Decidida a llegar corrí hasta la universidad, como un rayo fui directa a mi clase, pero al entrar estaba vacía.
Al salir al pasillo me encontré caminando a mi profesora Kurenai.
- D-disculpe K-kurenai-sensei...
- ¿Hinata? - dijo extrañada - Hoy es festivo, no deberías estar aquí.
Mi cara de desconcierto se lo dijo todo.
- Si hablases menos con la señorita Yamanaka quizás hubieses escuchado que el día de hoy no había que asistir. Si te distraes así en clase tus notas bajaran considerablemente. La próxima vez ten mas cuidado.
Avergonzada me dirigí a la entrada de la universidad y cuando pensaba que el día no podía ir a peor comenzó a llover con fuerza. Por suerte para mi faltaba poco para que llegara el próximo bus así que corrí hasta la parada.
Llegué antes de lo que esperaba pero para mi mala suerte, como todo lo que me estaba sucediendo el día de hoy, la caseta del bus estaba llena de gente refugiándose debajo. Aminoré la marcha y me detuve cerca de la parada notando la lluvia empapar mi cabeza pero de golpe cesó.
Extrañada levante la cabeza viendo sobre mi un paraguas negro.
Giré la cabeza a mi derecha y me topé con aquellos ojos turquesas nuevamente.
El pelirrojo de la cafetería se encontraba a mi lado, con rostro sereno, compartiendo su paraguas conmigo para que no me mojara.
- L-lo siento... - le dije avergonzada de que me viera así.
- ¿Por que te disculpas? - dijo sin cambiar el gesto en su rostro, pero me miraba tan fijamente que no pude sostenerle la mirada.
- P-por mi c-culpa te e-estas m-mojando...

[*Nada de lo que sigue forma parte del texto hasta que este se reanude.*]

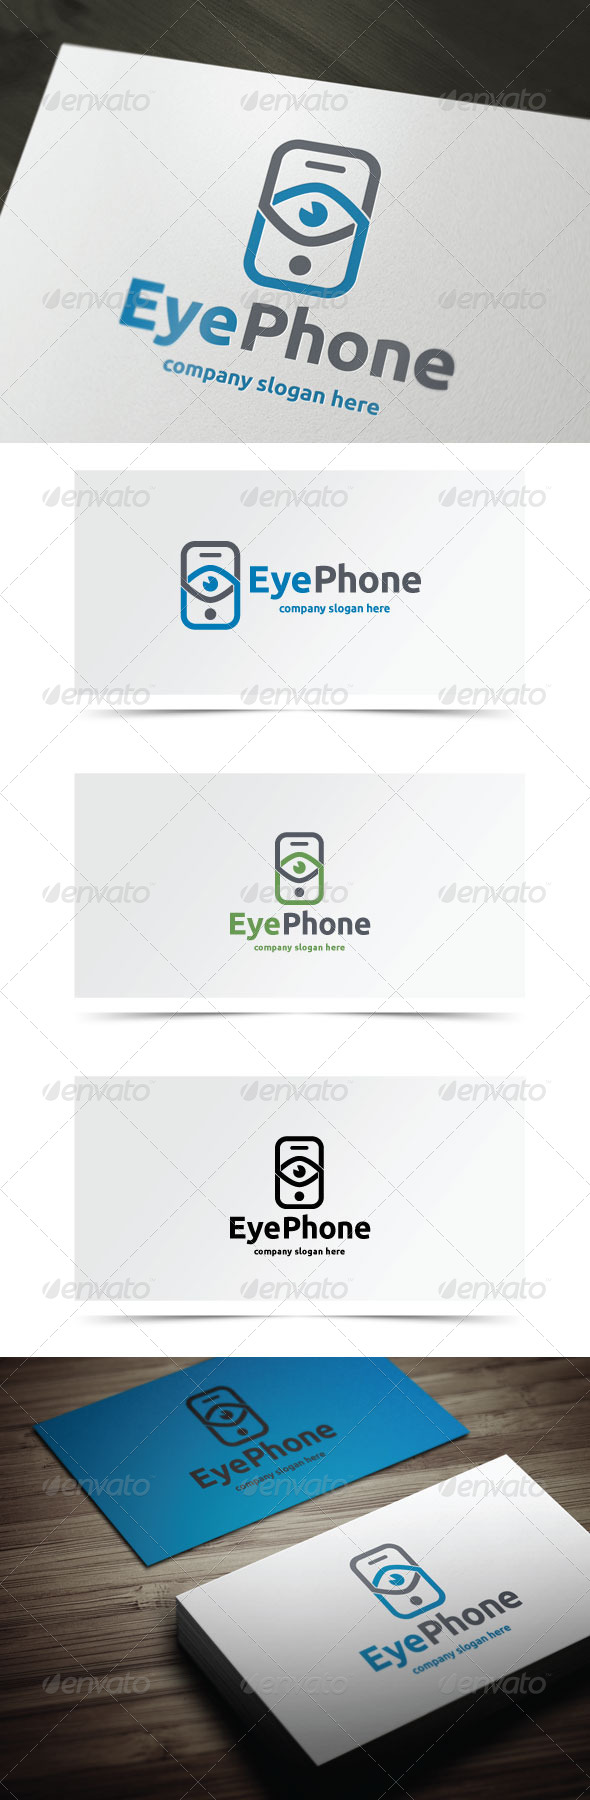 GraphicRiver Eye Phone 6828695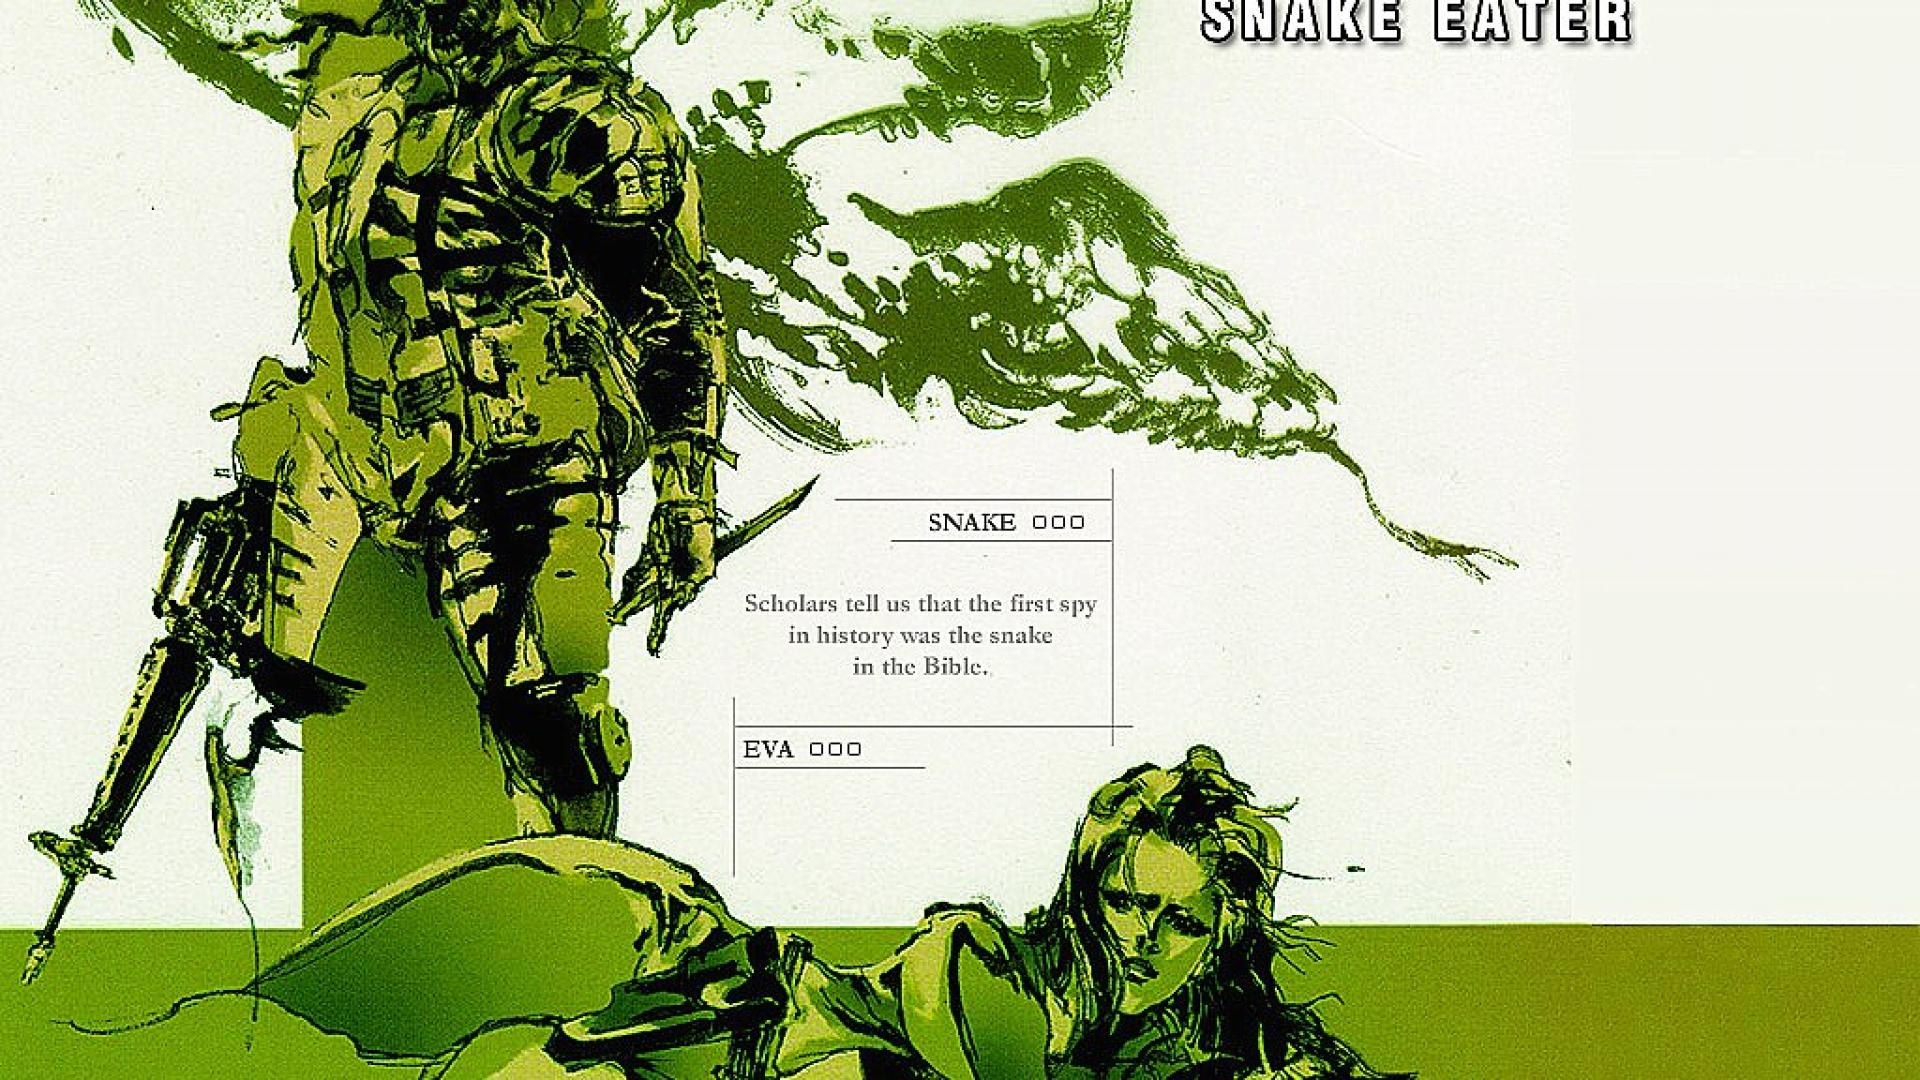 Free Download Snake Eater Metal Gear Solid Games Hd Wallpaper 9378

Apenada miré su hombro el cual, por inclinar el paraguas hacía mi, ahora se encontraba todo empapado.
Se quedó en silencio varios segundos, que para mi fueron una eternidad, cuando de repente me sacó la vista de encima para mirar detrás de mi.
- ¿Es tú autobús ? - preguntó.
- S-si, e-es el u-único que p-pasa por a-aquí...
El bus frenó y todos comenzaron a subirse, él se acercó conmigo para mantenerme cubierta.
Una vez arriba noté como el no guardaba el paraguas para subir también.
- ¿N-no s-subes?
Me miro fijamente una vez más.
- No necesito tomar el autobús .
- P-pero e-entonces ... ¿P-por que e-esperabas c-conmigo?
Sus labios se curvaron levemente, dedicándome una ligera sonrisa, y las puertas del autobús se cerraron sin dejar que el respondiera mi pregunta.
Pagué mi billete y me acomodé en un asiento llena de preguntas que no lograba encontrarle respuesta a lo que acababa de suceder. El teléfono en mi bolsillo comenzó a sonar sacándome del trance.
- ¿H-hola?
- ¡Hinata! Soy yo, tu mejor amiguísima en el mundo.
Reí levemente ante el comentario de Ino.
- ¿S-sucede algo I-ino-chan ?
- Lo que sucede es que esta noche te vendrás a dormir a mi casa y nos iremos a una fiesta.
- I-ino... s-sabes que m-mi p-padre n-nunca lo p-permitiría...
- Pero tu padre se fue hoy de viajes de negocios y no volverá hasta dentro de dos días ¿verdad?
Mi amiga llevaba razón, mi padre se había ido antes de que yo me levantase a un viaje de negocios en el extranjero pero había dejado a uno de sus guardaespaldas personales cuidando la entrada y nadie entraba o salía sin que él supiera. No había forma que yo saliera allí sin el consentimiento de mi padre aunque no se encontrase presente.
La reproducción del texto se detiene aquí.